- Born: April 16, 1933 New York City, New York
- Died: January 18, 2021 (aged 87) Burbank, California
- Occupation: Composer

= Perry Botkin Jr. =

American composer, producer, arranger, and musician (1933–2021)

Perry Botkin Jr. (April 16, 1933 – January 18, 2021) was an American composer, producer, arranger, and musician.

== Life and career ==
He was born in 1933 in New York City, the son of Perry Botkin Sr., who also was a successful musician and composer.

Botkin had a successful career in music for more than forty years. As an arranger, he worked with Bobby Darin, Harry Nilsson, Gary Crosby, The Lettermen, Ed Ames, Shelby Flint and Harpers Bizarre, among others. The film scores that he composed are similar to the music of his partner and counterpart, Barry De Vorzon.

The tune "Nadia's Theme", composed by Botkin and Barry De Vorzon, peaked at No. 6 in Canada and No. 8 on the Billboard Hot 100 in 1976 and became the theme song for the long-running television soap opera The Young and the Restless. He was also a major contributor to Incredible Bongo Band, one of the most influential groups of all-time for its Bongo Rock album which is one of the most sampled from records, making it a major influence in the origins of Hip hop.

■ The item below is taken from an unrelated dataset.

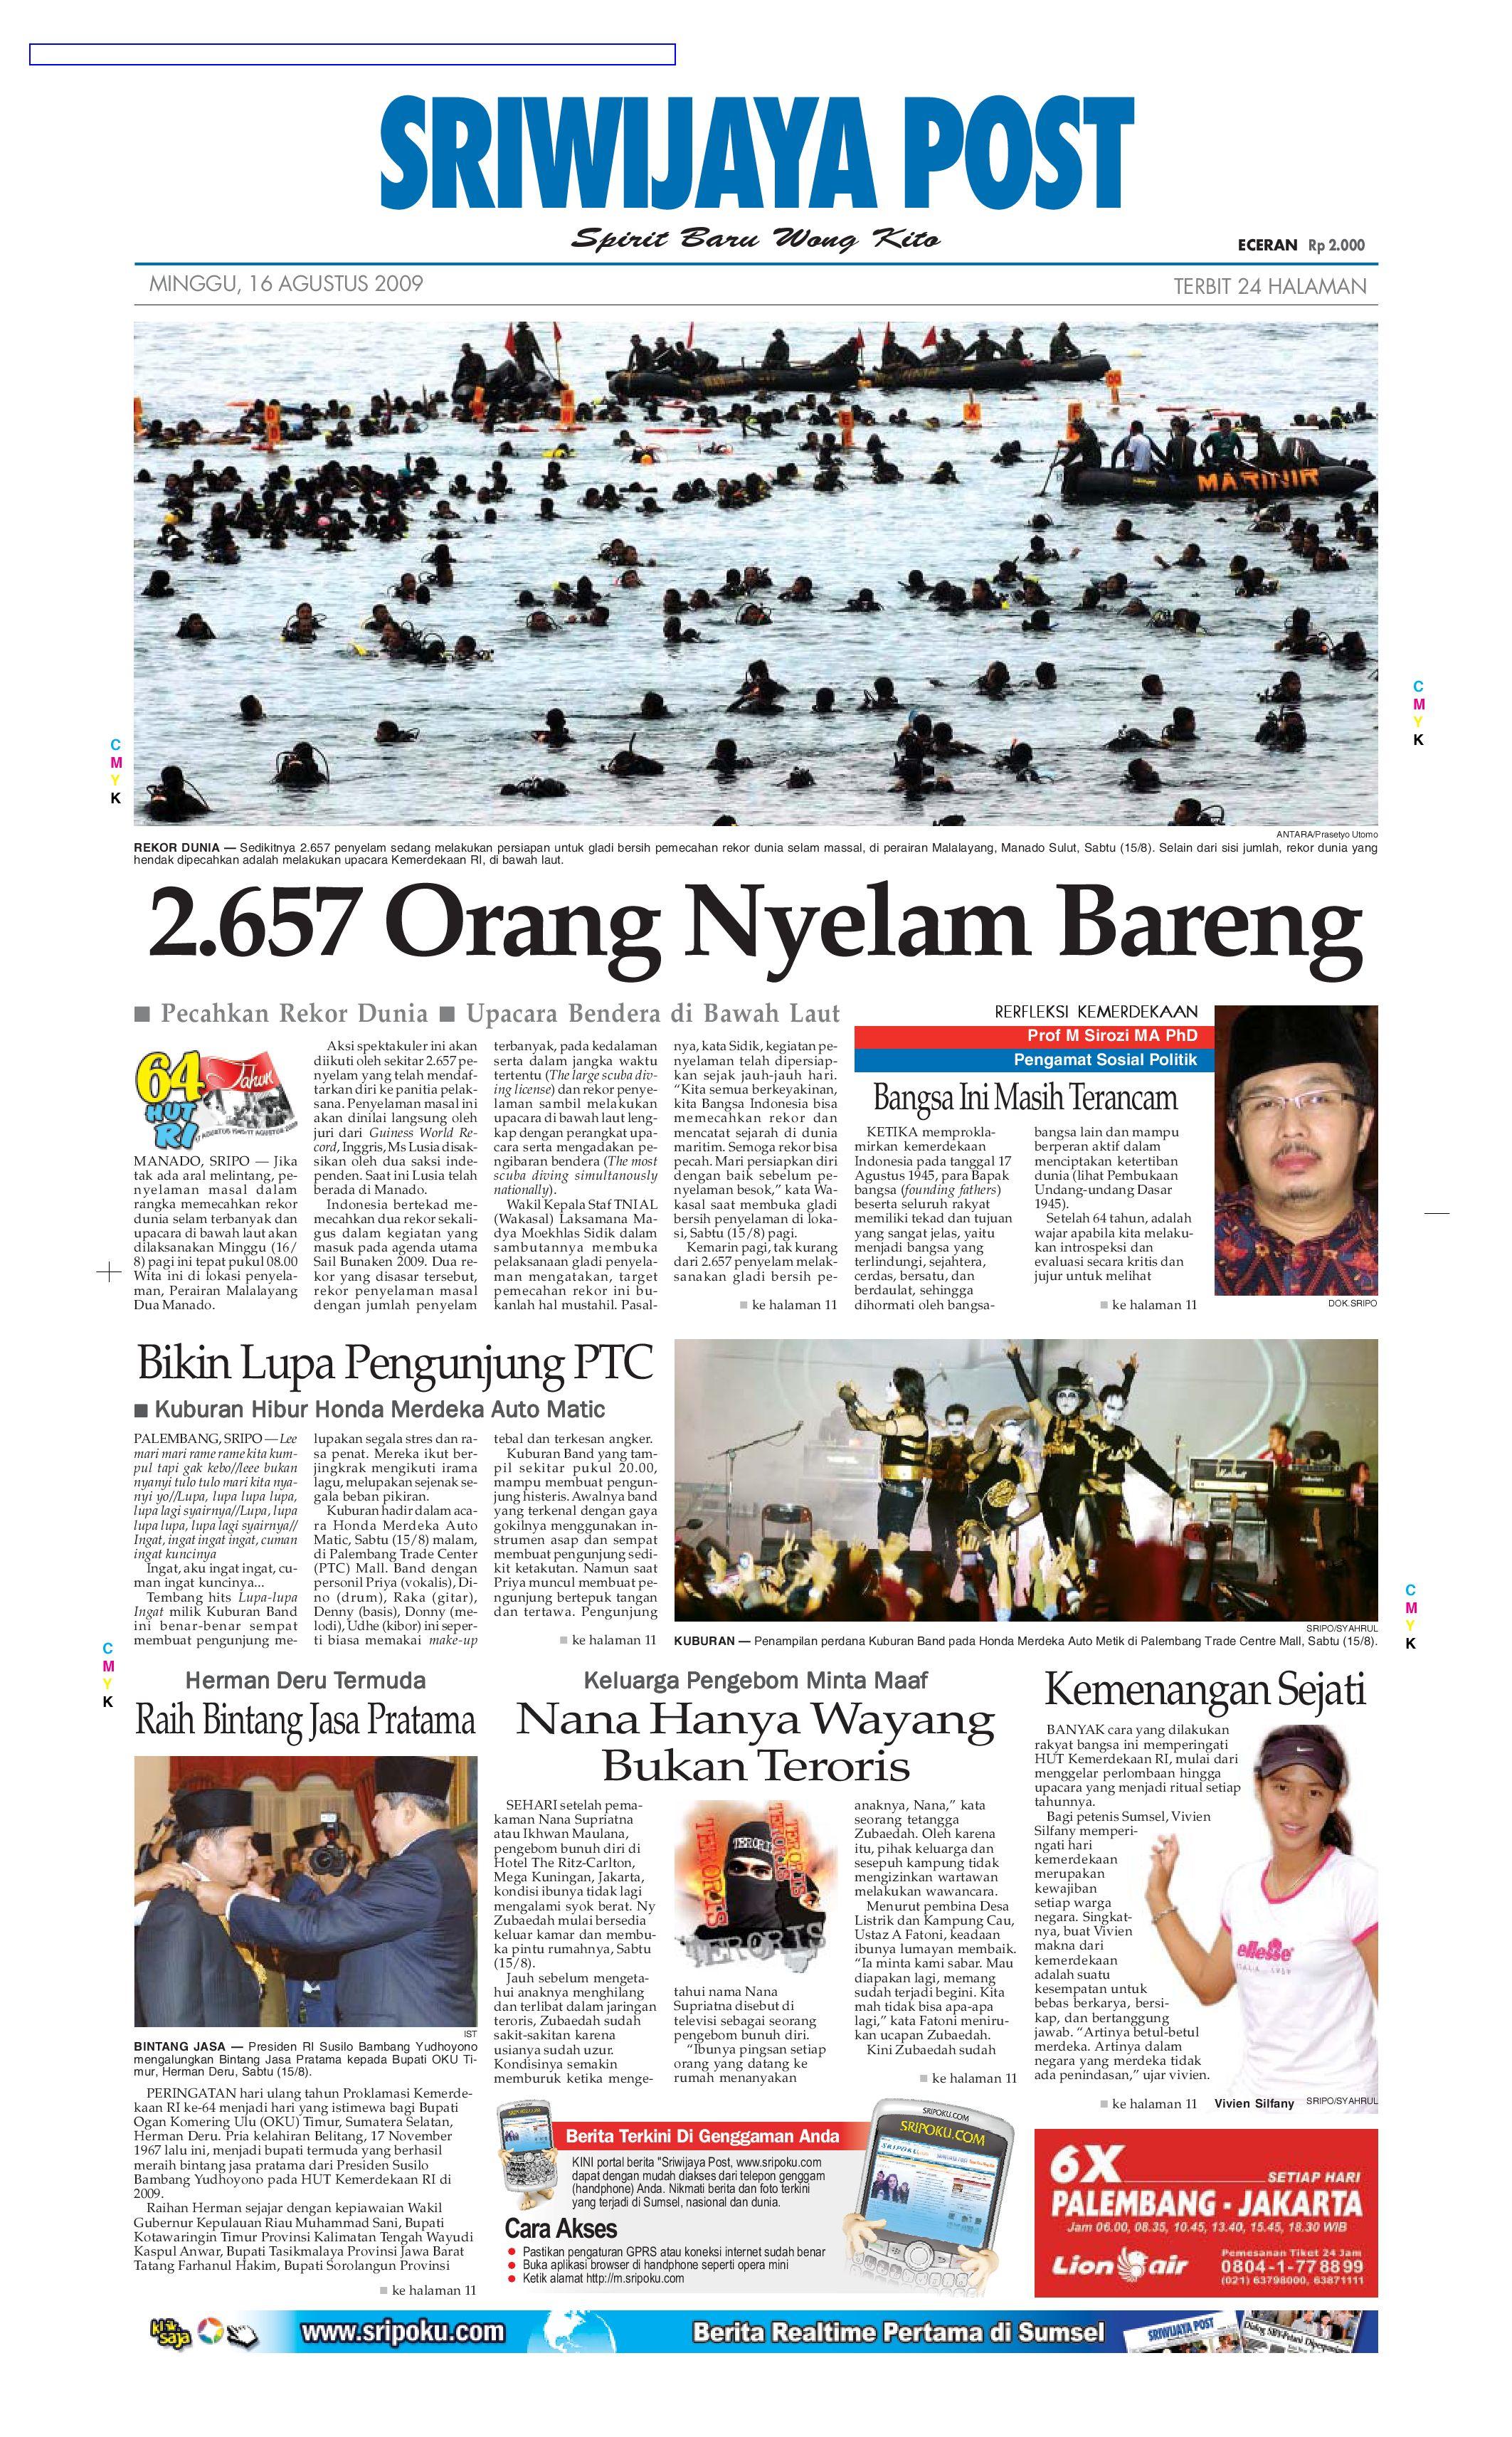 Sriwijaya Post Edisi Minggu 16 Agustus 2009 By Yulius Saputra Issuu Rejeki Anak Soleh 3 Voucher Carrefour Rp 200000

In 1990, Botkin retired from the commercial music industry, and began self-producing CDs of electronic music. James Harbert, in the liner notes for the first of these recordings, says, "With these new musical works, Perry Botkin has achieved his musical goal. He has succeeded in being himself."

== Death ==
Botkin died on January 18, 2021, at age 87, at Providence Saint Joseph Medical Center in Burbank, California.

== Awards ==
- 1971 - Academy Award nomination - Best Song, "Bless the Beasts and Children", with Barry DeVorzon
- 1977 - Grammy Award winner - Best Instrumental Arrangement - "Nadia's Theme (The Young and the Restless)", with Barry DeVorzon and Harry Betts

== Works (partial) ==
=== Recordings ===
- 1957 - "Passion Flower" with Gil Garfield, as The Fraternity Brothers. (Verve, V-10081)
- 1964 - "Sabato Sera" / "La Prima Che Incontro" with Gil Garfield, as Gil Fields e I Fraternity Brothers. (Derby/CGD, DB 5074) Nominated on The Sanremo Music Festival 1964
- 1969 - "Love Is Blue" with Johnny Gibbs, Frank De Vol, Norman Percival, Hank Levine, Les Reed, Billy May, Bill Walker, Nelson Riddle, Pete King, Frank Comstock. (Reader's Digest, RDA 77-A)
- 1976 - "Nadia's Theme" with Barry DeVorzon. (A&M Records, AM 1856)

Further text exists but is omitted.